2. A body fired vertically up reaches a maximum height of 120 m. The location at which the kinetic energy is 75% of the potential energy is...

For max height : mvₒ²/2 = m•g•H,

Initial velocity
vₒ=sqrt(2•g•H) = sqrt(2•9.8•120)=48.5 m/s.

mvₒ²/2 = mgh + mv²/2,
mv²/2 = mvₒ²/2 – mgh =
=m•g•H -0.75 m•g•H=0.25 m•g•H

mv²/2=0.25mgH
v =sqrt(2•0.25•g•H) = sqrt(0.5•9.8•120)=24.2 m/s.
h =(vₒ²-v²)/2•g =(48.5²-24.2²)/2•9.8=90.1 m.

To find the location at which the kinetic energy is 75% of the potential energy, we need to calculate the potential energy and kinetic energy at the maximum height.

Let's assume the mass of the body is m.
The potential energy (PE) at the maximum height is equal to the initial kinetic energy (KE0) when the body was fired vertically up.

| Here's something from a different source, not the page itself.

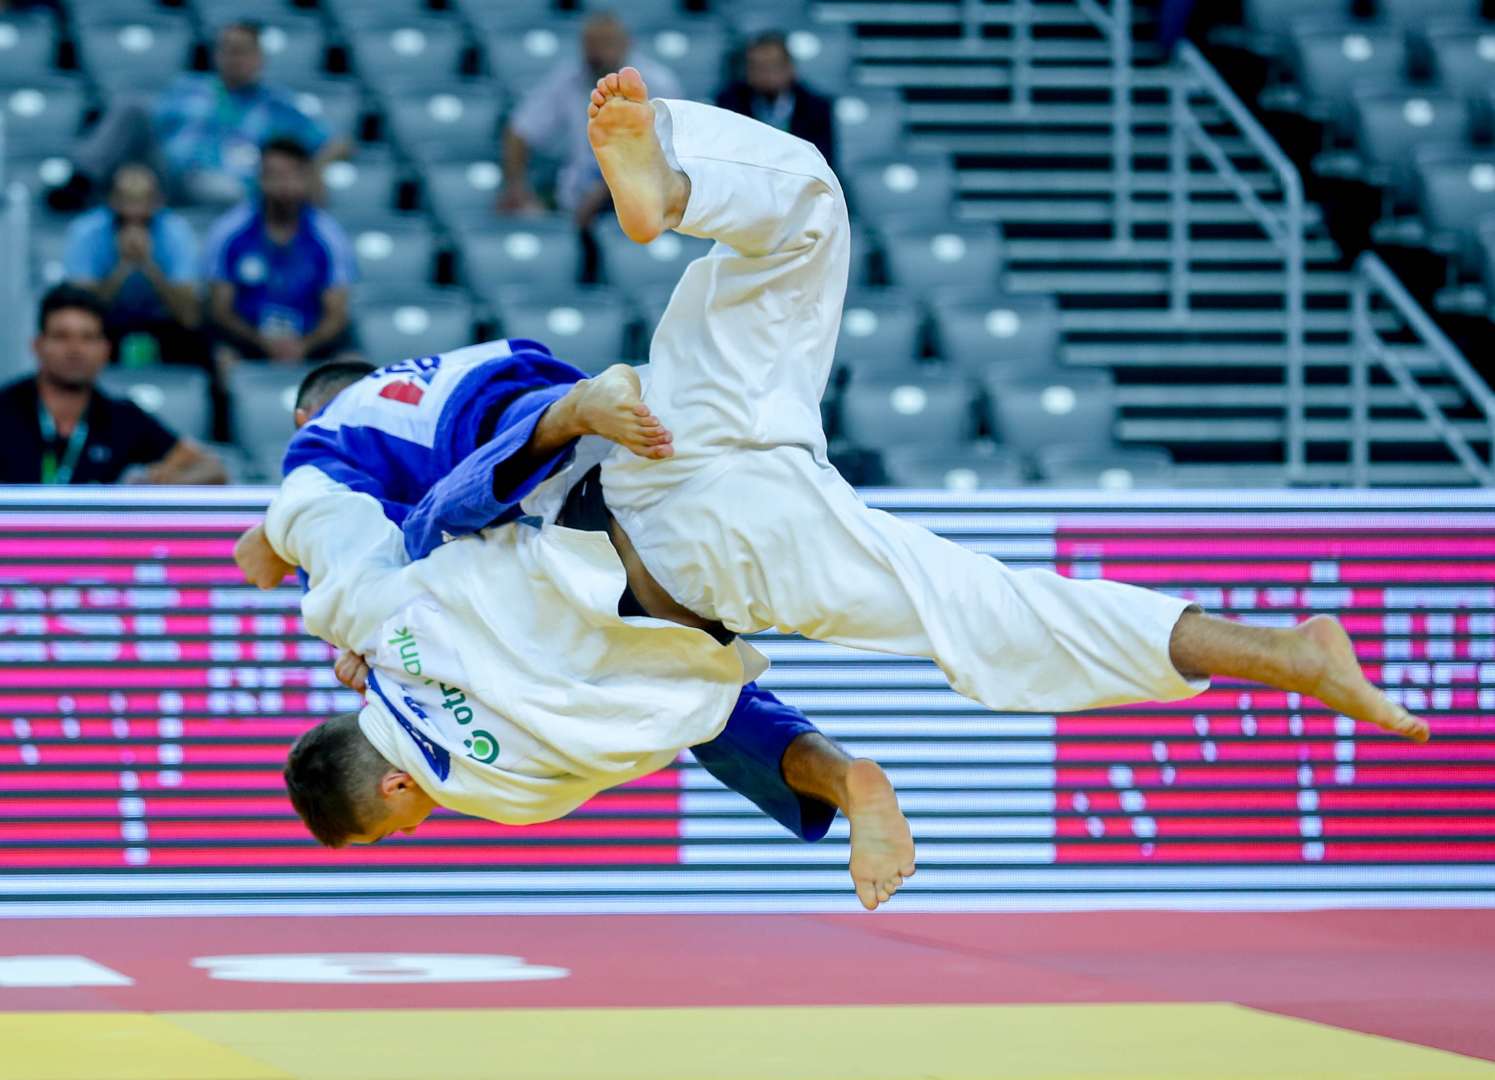 What makes judo fascinating - KL Judo
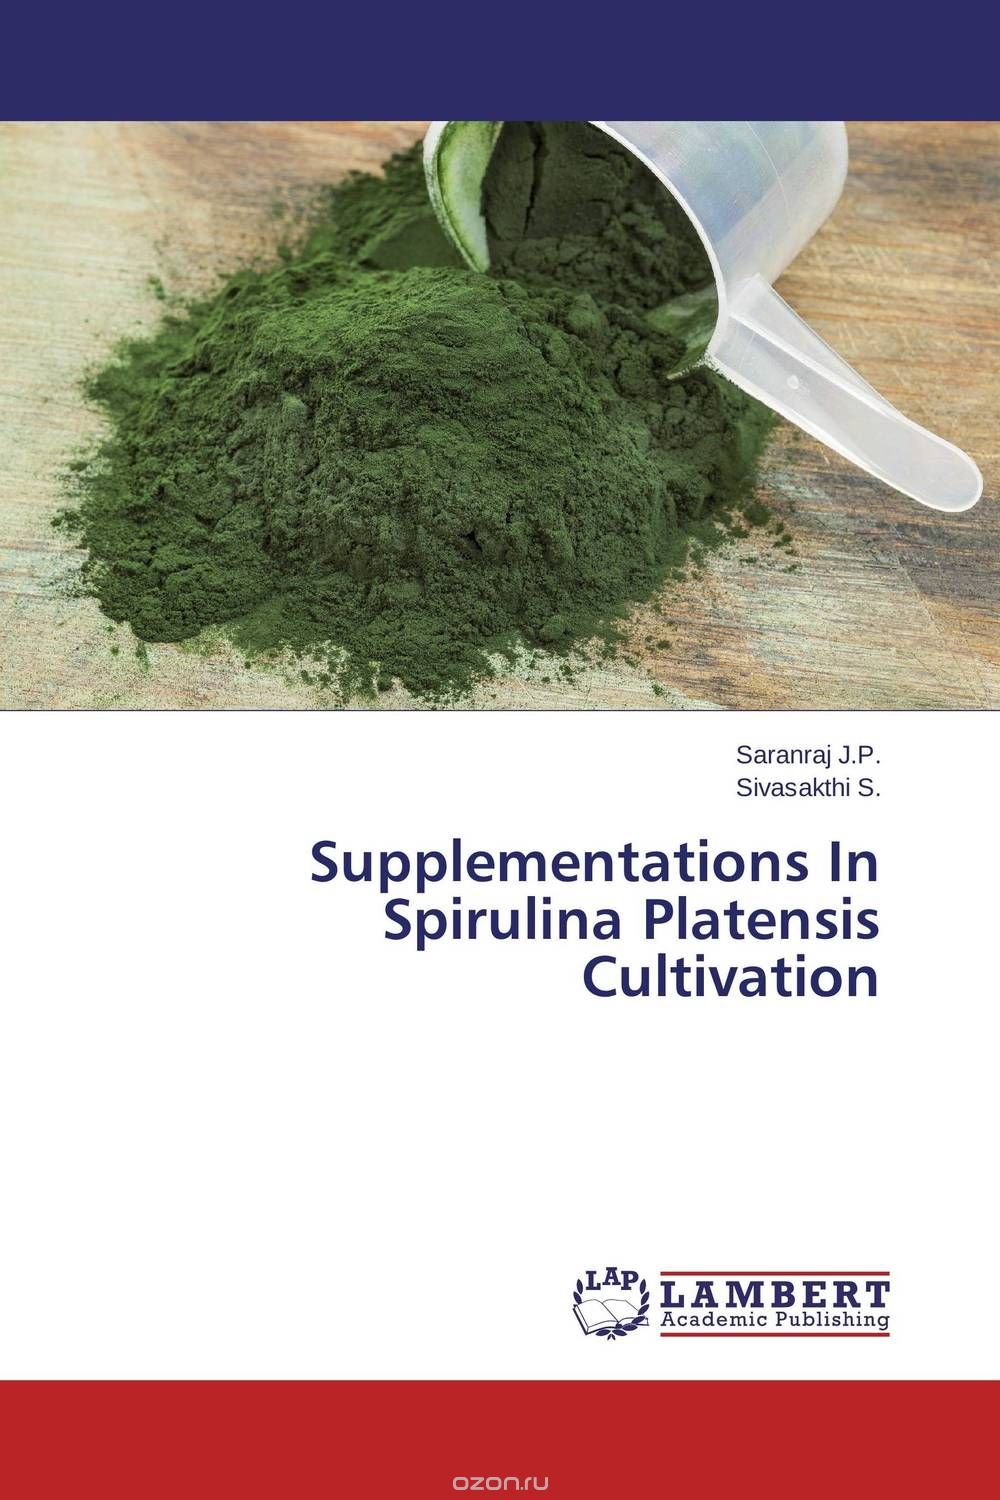 Supplementations In Spirulina Platensis Cultivation

Given that the maximum height (h) is 120 m, the potential energy at that height (PE_max) is given by:
PE_max = m * g * h

Since the kinetic energy is equal to 75% of the potential energy, we can write:
KE_max = 0.75 * PE_max
KE_max = 0.75 * m * g * h

Now, to calculate the location at which the kinetic energy is 75% of the potential energy, we need to find the height (h1) at which the kinetic energy (KE1) is equal to 0.75 * KE_max.

KE1 = 0.75 * KE_max

Now, let's assume the height at this location is h1.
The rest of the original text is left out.